Skilled OFWs to get better pay in Japan—DOLE
Filipinos who will be hired in Japan under its new specified skilled worker residency law will receive pay equivalent to local workers, Labor Secretary Silvestre Bello III said on Thursday.
Bello who signed a memorandum of cooperation with Japanese officials in Tokyo, Japan also guaranteed the payment of better salaries for Filipino workers.
“This is why we are very thankful to the government of Japan. Aside from giving preferential priority to Filipino workers for the requirements of their industries, our workers are assured of better benefits,” he said.
He said Japan chose the Philippines to be the first to ink the agreement under the new specified skilled worker law which takes effect next week “because of Japan’s high regard for the Filipinos.”

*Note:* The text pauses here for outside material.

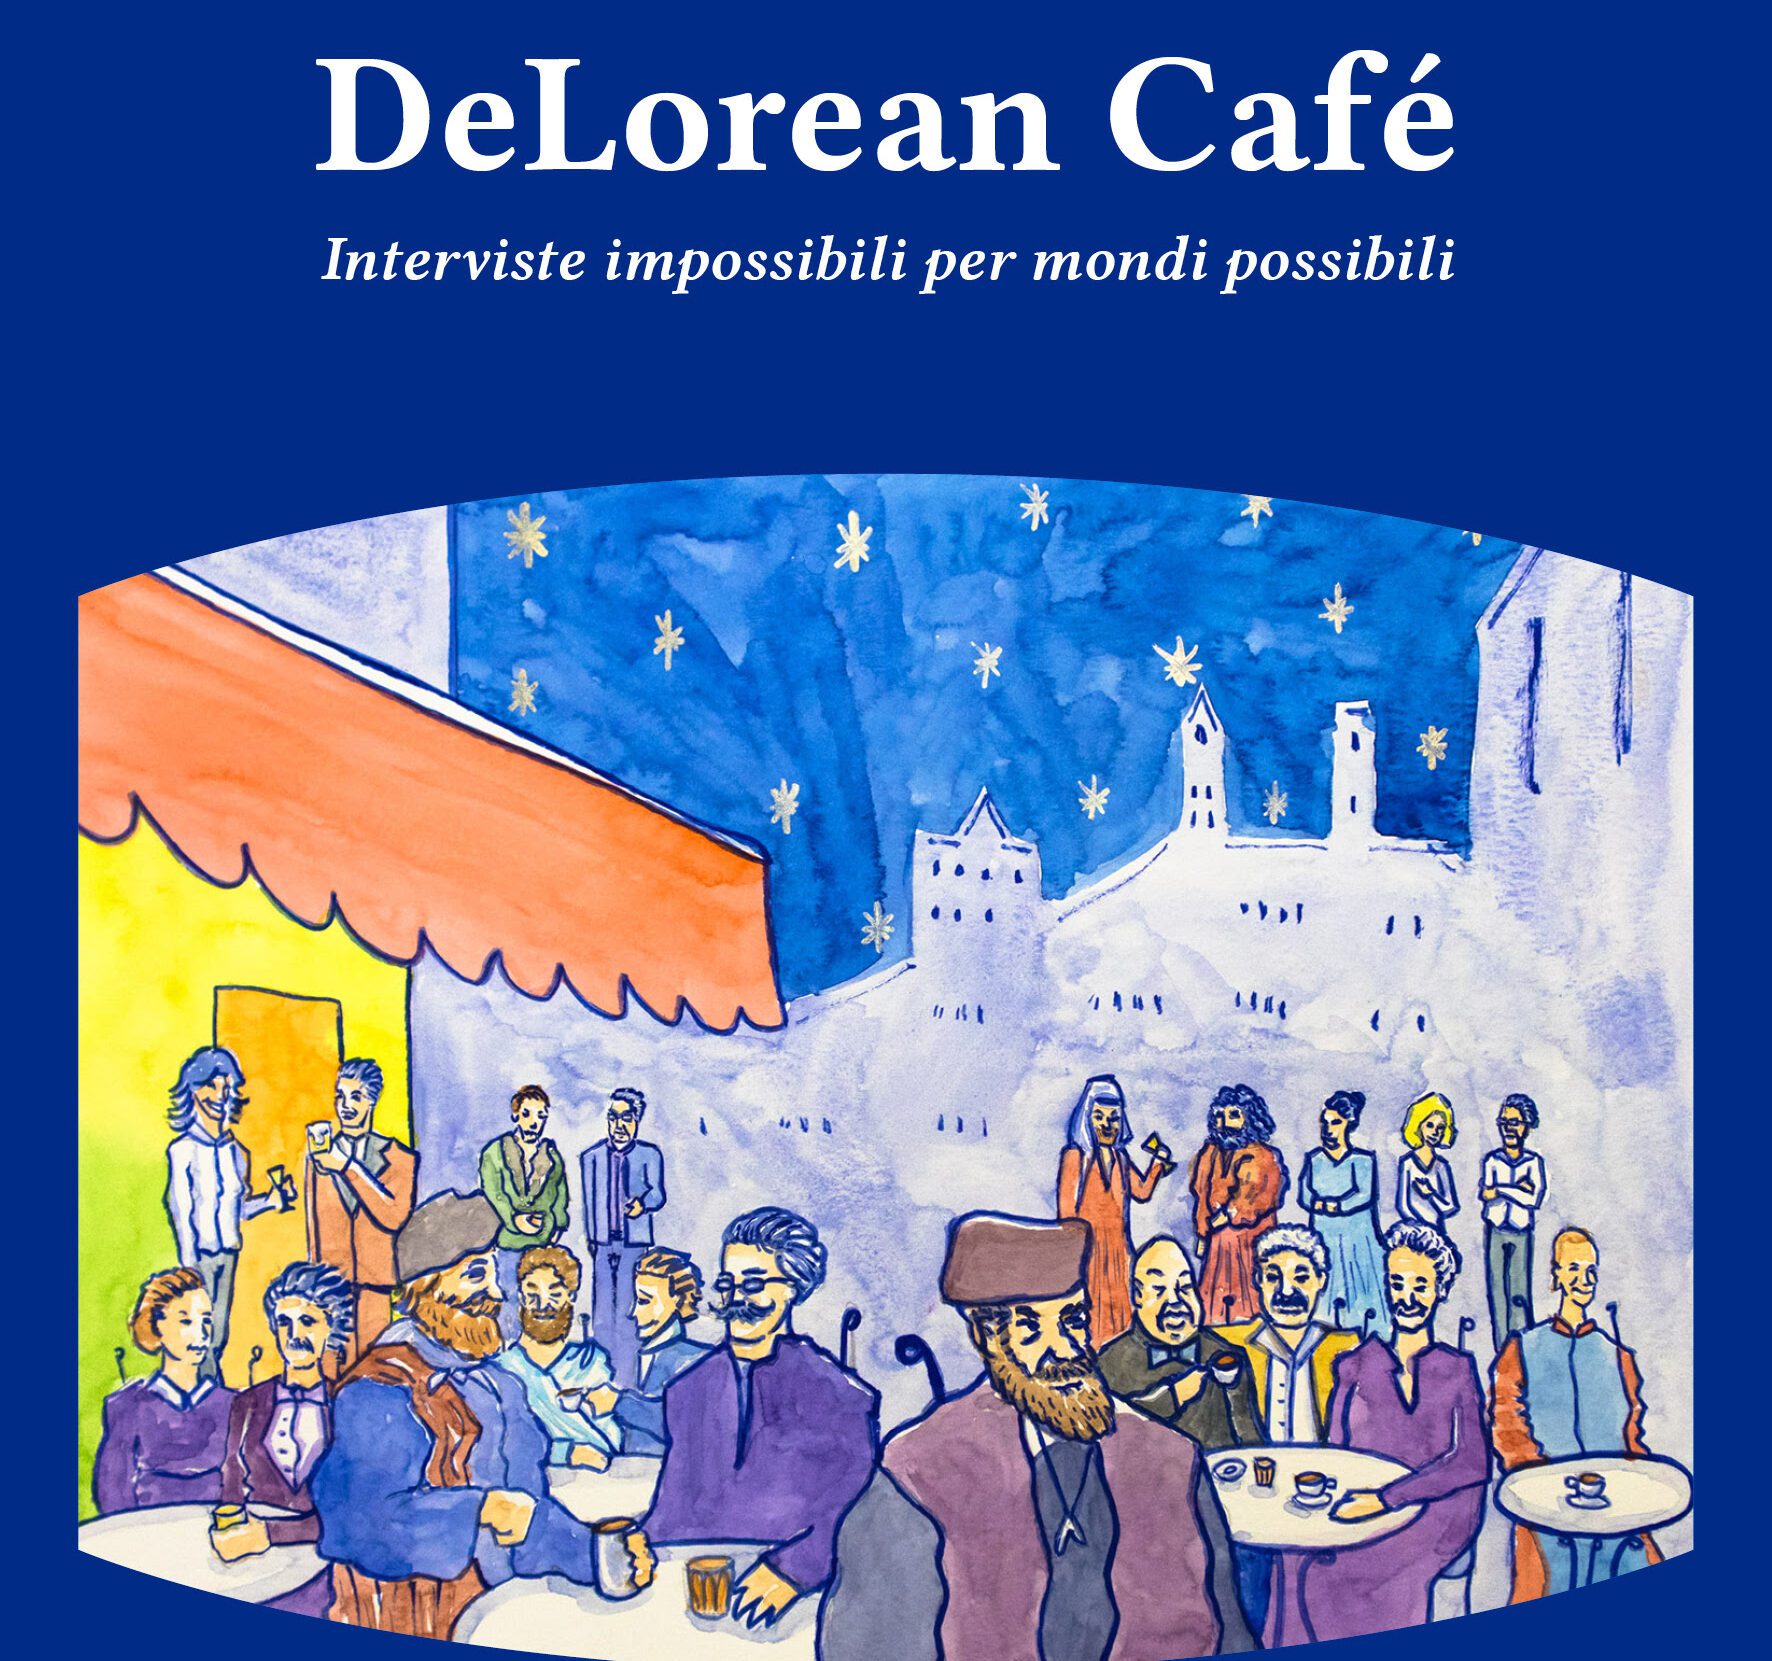 «DeLorean Café», anche 4 autori cilentani intervistano celebri pensatori del passato

The Department of Labor and Employment estimated that Filipino workers would corner at least 30 percent of the 350,000 available jobs Japan is opening to foreign workers effective April 1.
Under the guidelines on the deployment of foreign workers to Japan in pursuant to the labor cooperation pact signed on March 19, the ‘specified skilled workers’ will be deployed under two identified occupational categories: Specified Skilled Worker I and II.

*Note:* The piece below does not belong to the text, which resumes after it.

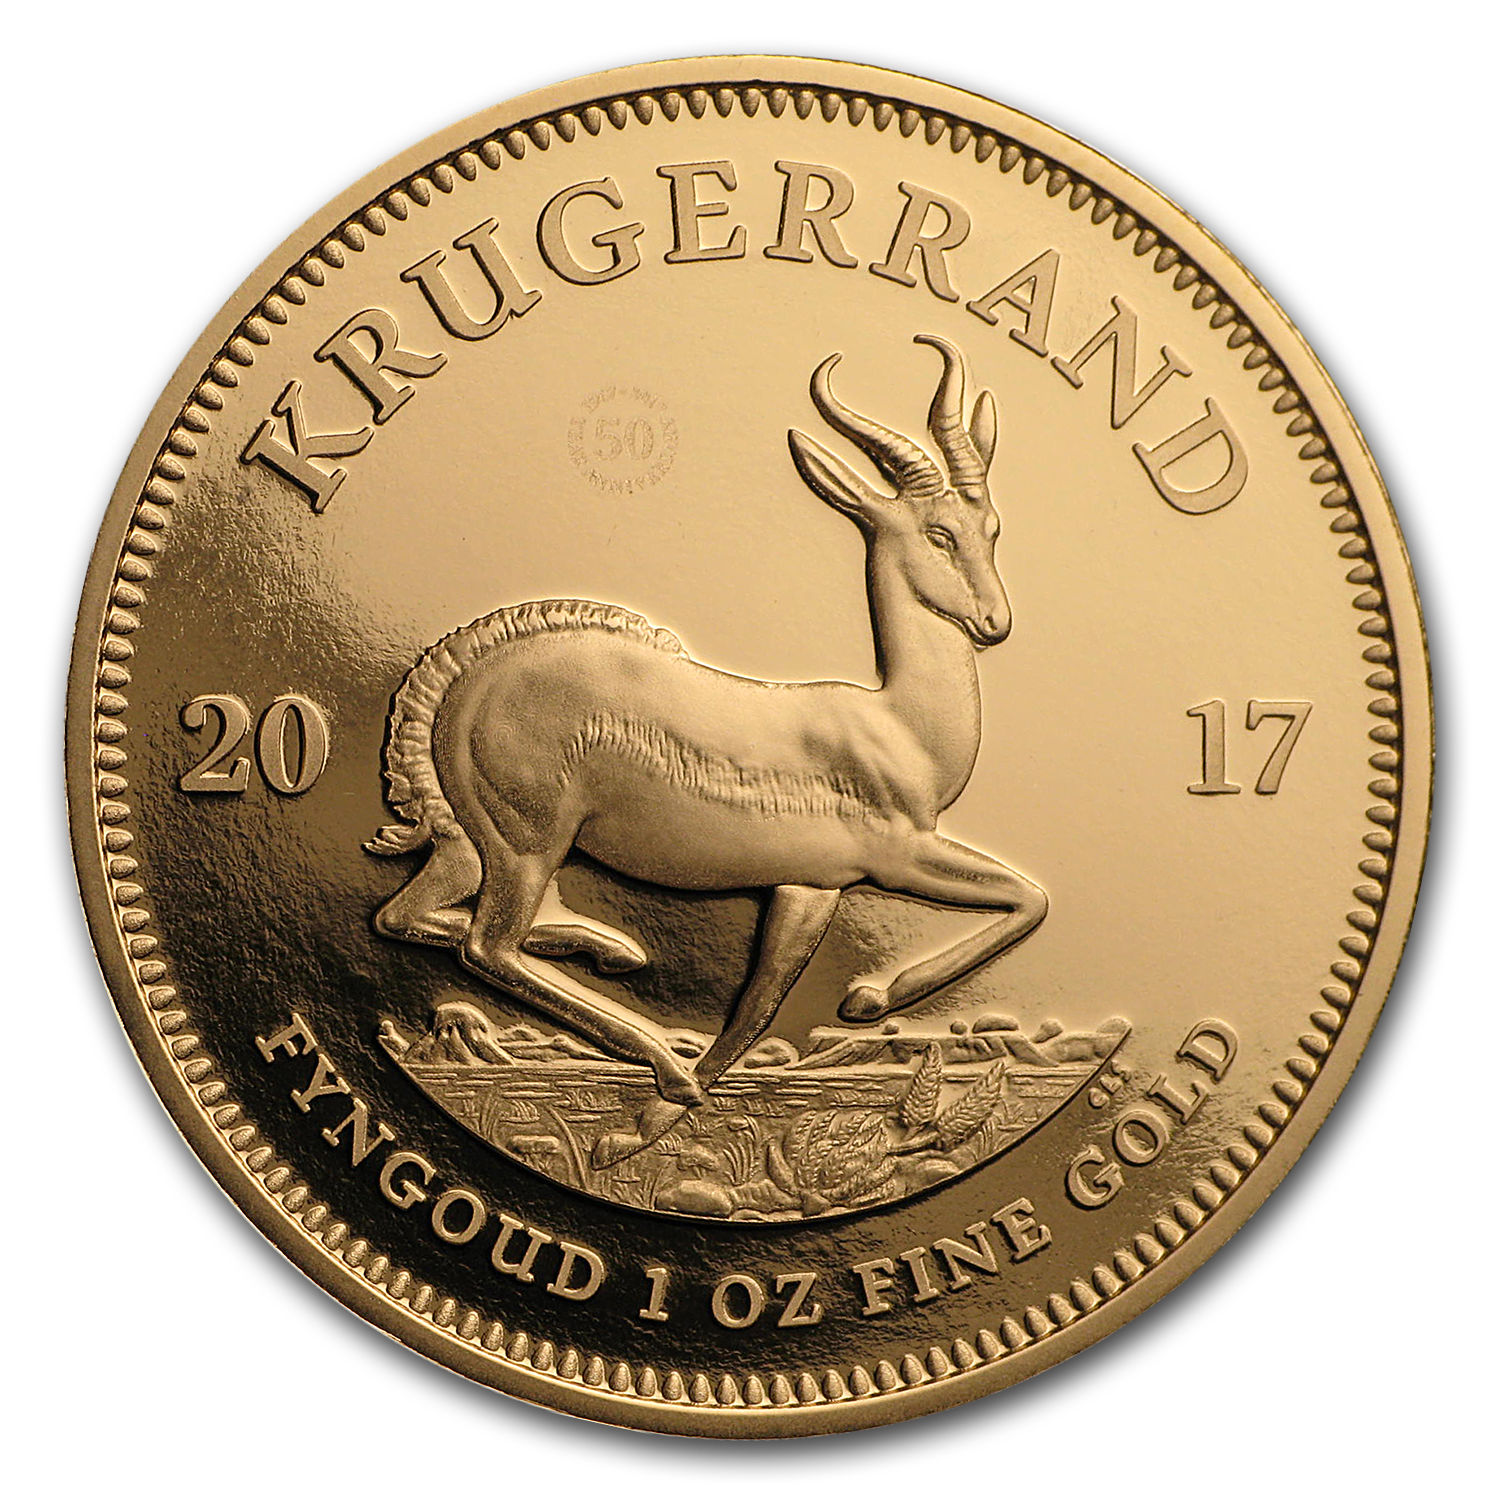 2017 South Africa 1 oz Proof Gold Krugerrand - SKU #105152

The Specified Skilled Worker I are workers with the first level of expertise and allowed to work in Japan for a maximum of five years while the Specified Skilled Worker II refers to workers with a higher level of specialization and allowed to work in Japan indefinitely based on the renewal of their employment contract.

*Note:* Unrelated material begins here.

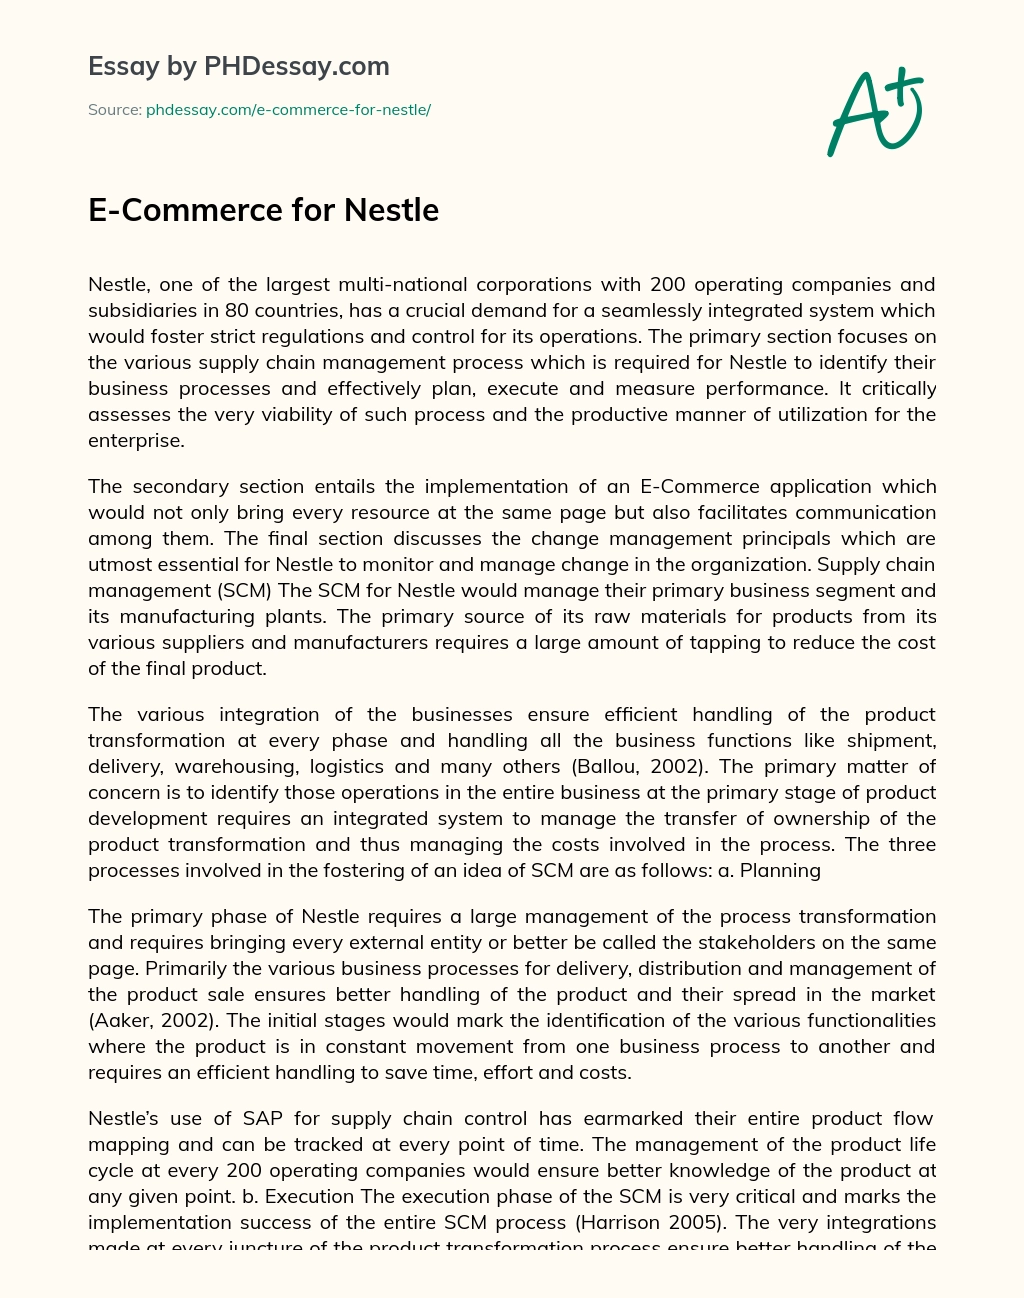 E-Commerce for Nestle essay

The Philippine Overseas Employment Administration will release the list of licensed recruitment agencies that are duly authorized to engage in the recruitment and placement of specified skilled workers
Among the specified skills include those in health care, building maintenance, food services, industrial machinery, electronics, food manufacturing, agriculture, hospitality, construction, shipbuilding, fisheries and aquaculture, parts and tooling and aviation.
Applicants must be at least 18 years old, must possess considerable knowledge and skills or work experience, and must pass the Japanese Language Proficiency Test, which will be administered by Japan Foundation in the Philippines.